*Data below*.
-----

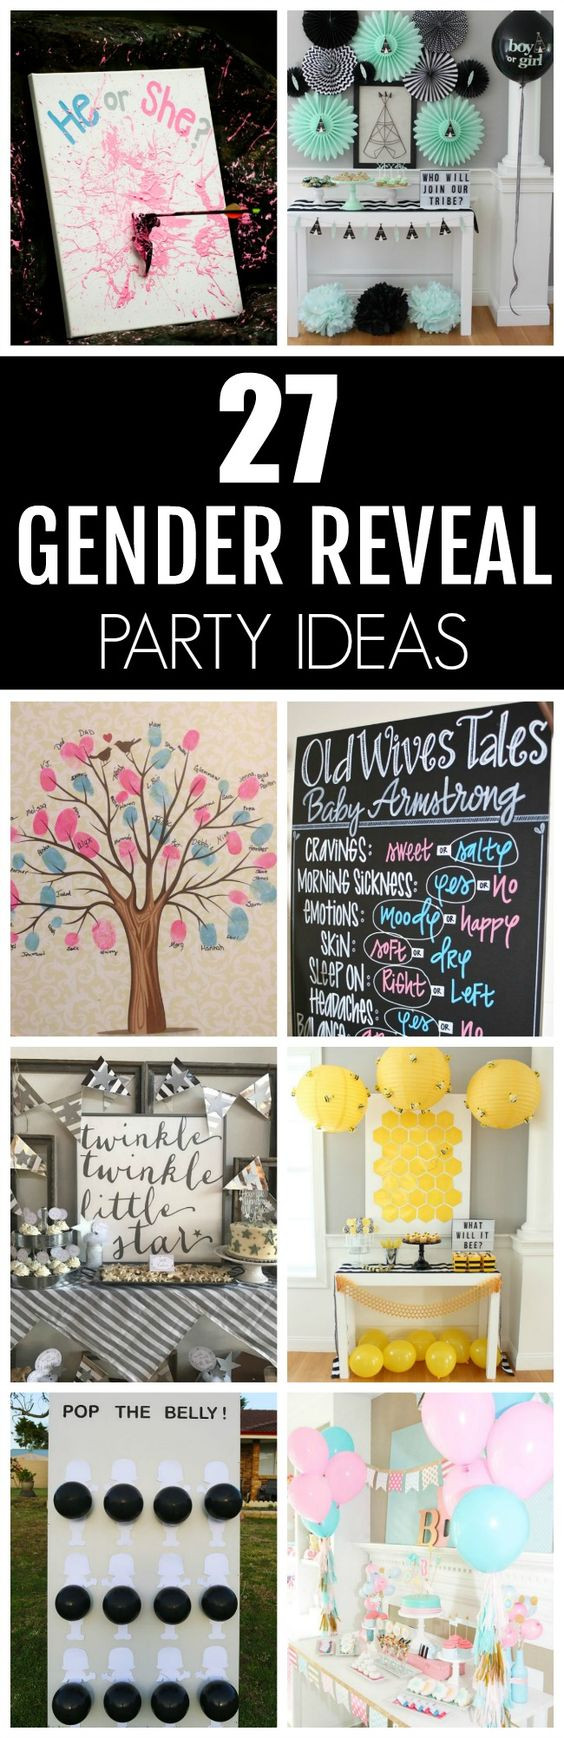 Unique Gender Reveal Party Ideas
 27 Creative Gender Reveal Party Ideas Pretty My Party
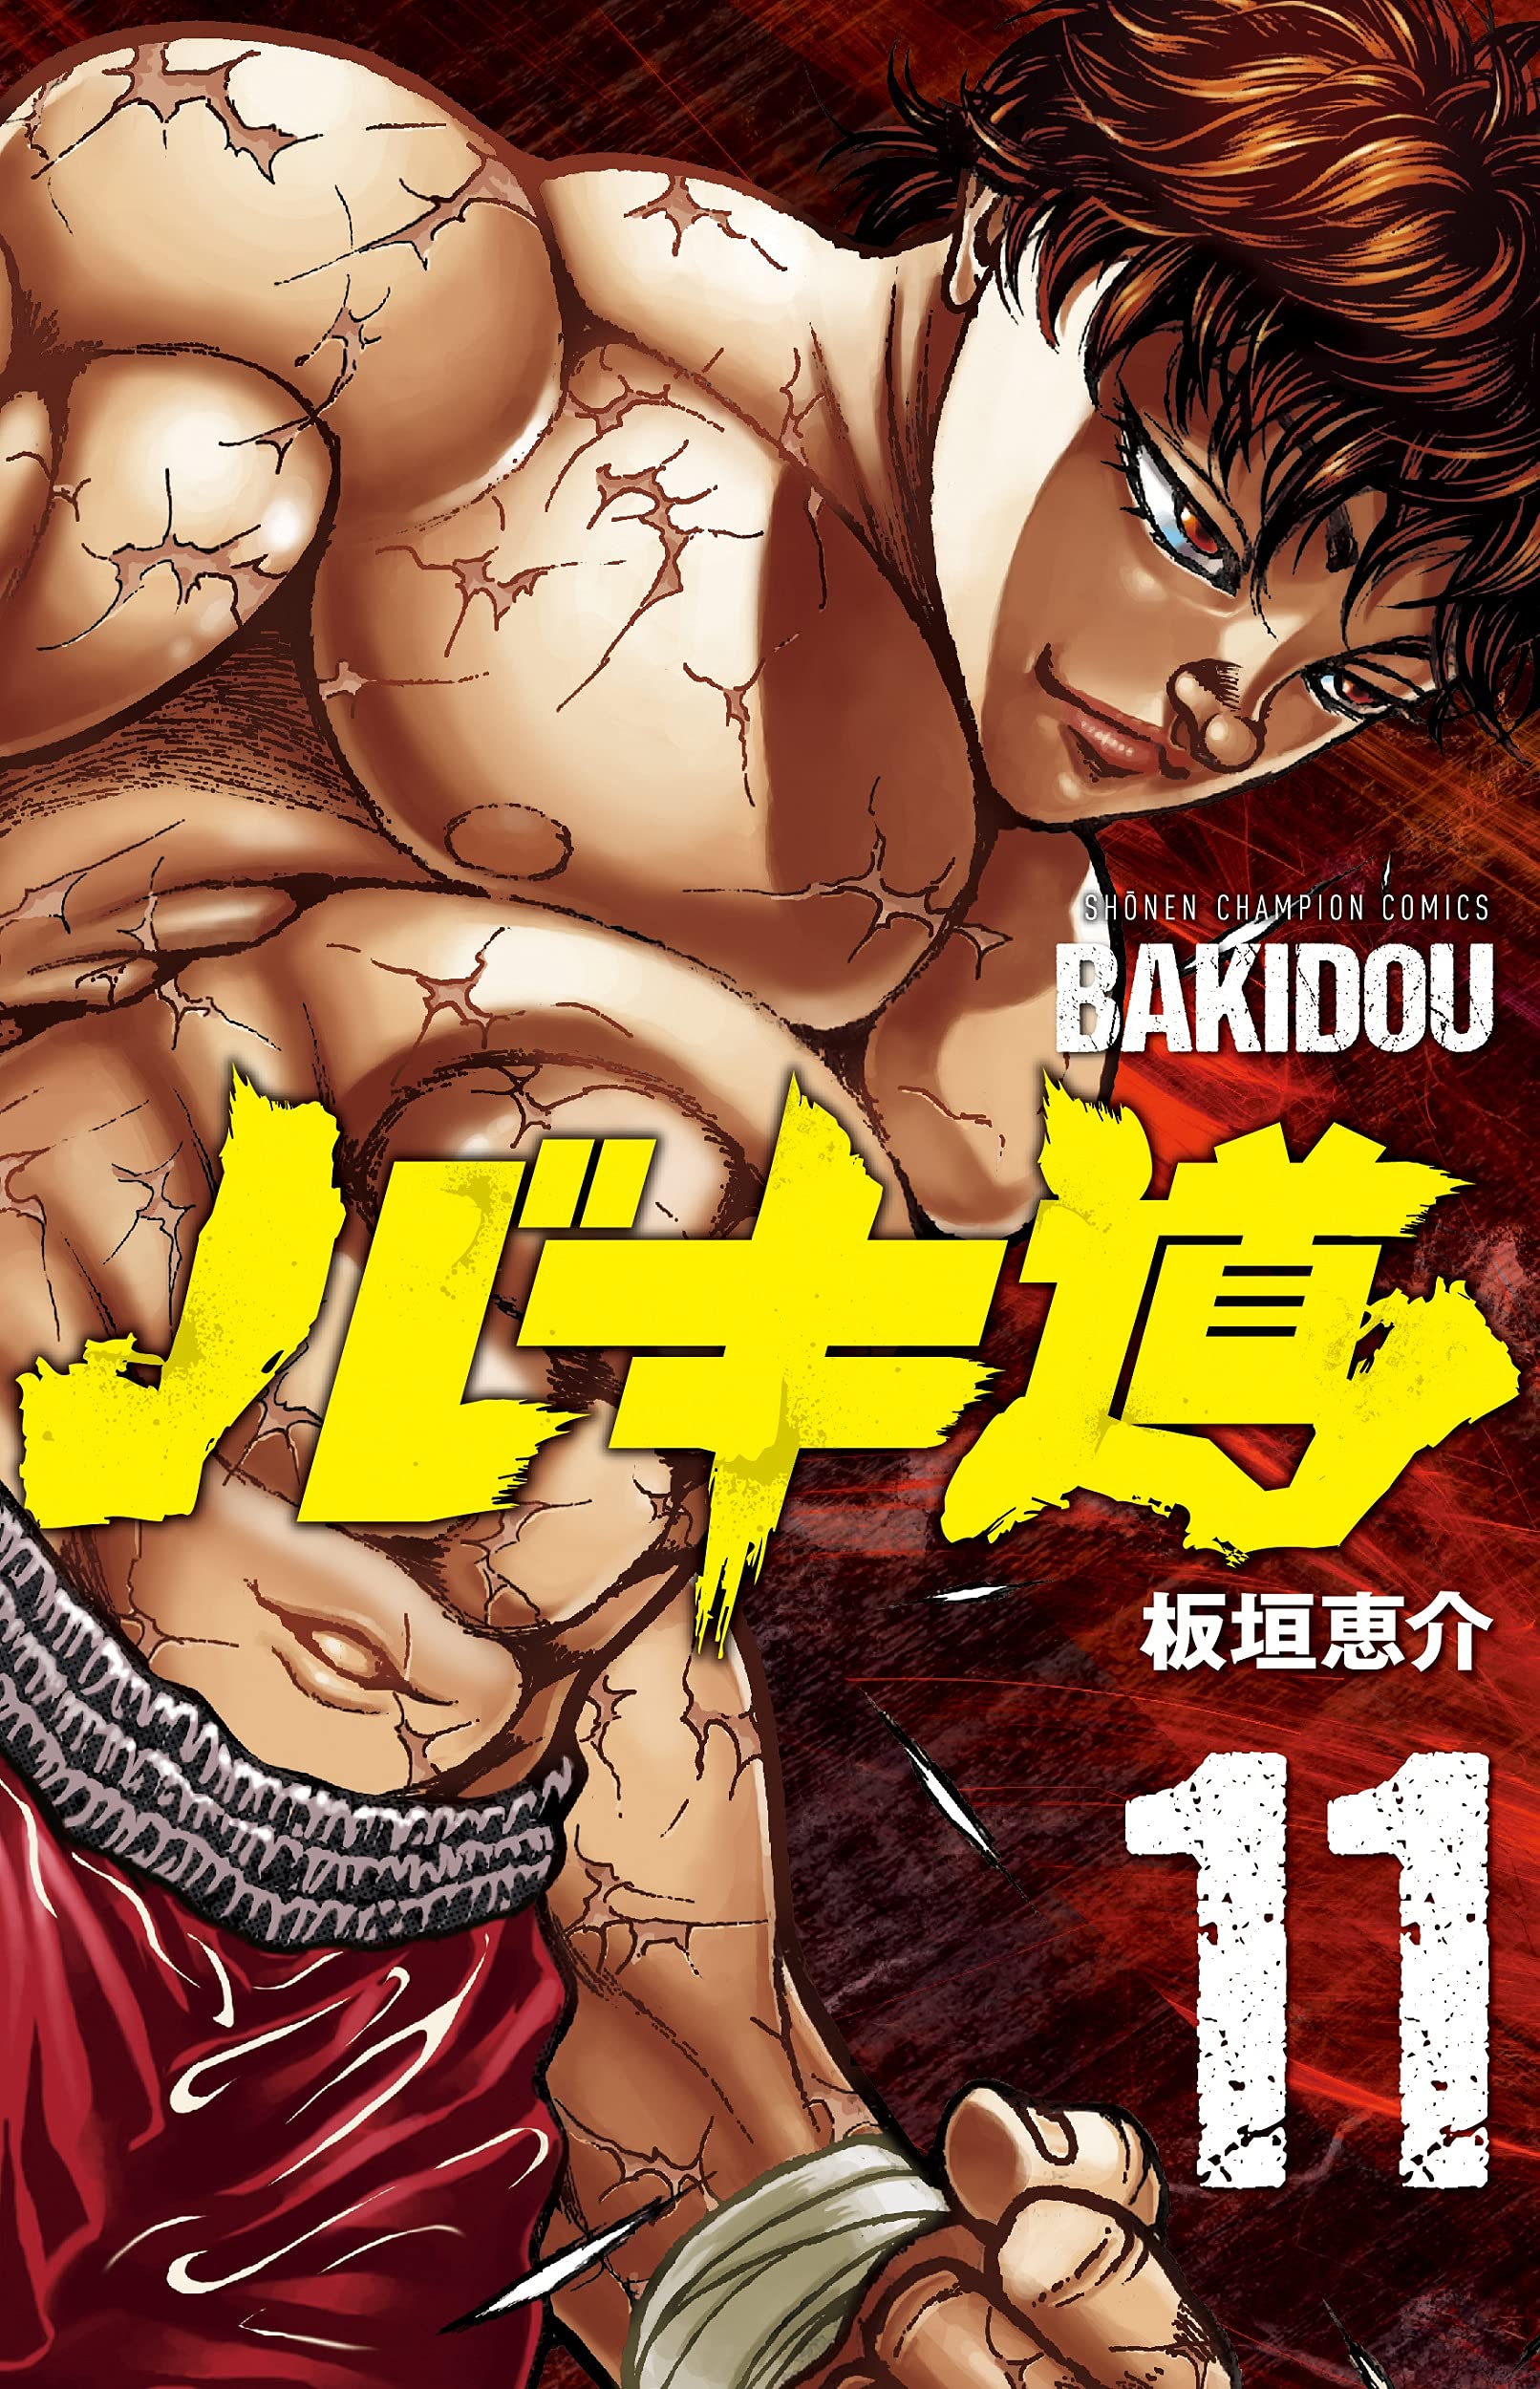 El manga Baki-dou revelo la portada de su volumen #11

-----

*What is being asked*. Any picture in the listing above gets left out; output the rest exactly.

*Reply*.
 Unique Gender Reveal Party Ideas
 27 Creative Gender Reveal Party Ideas Pretty My Party
 El manga Baki-dou revelo la portada de su volumen #11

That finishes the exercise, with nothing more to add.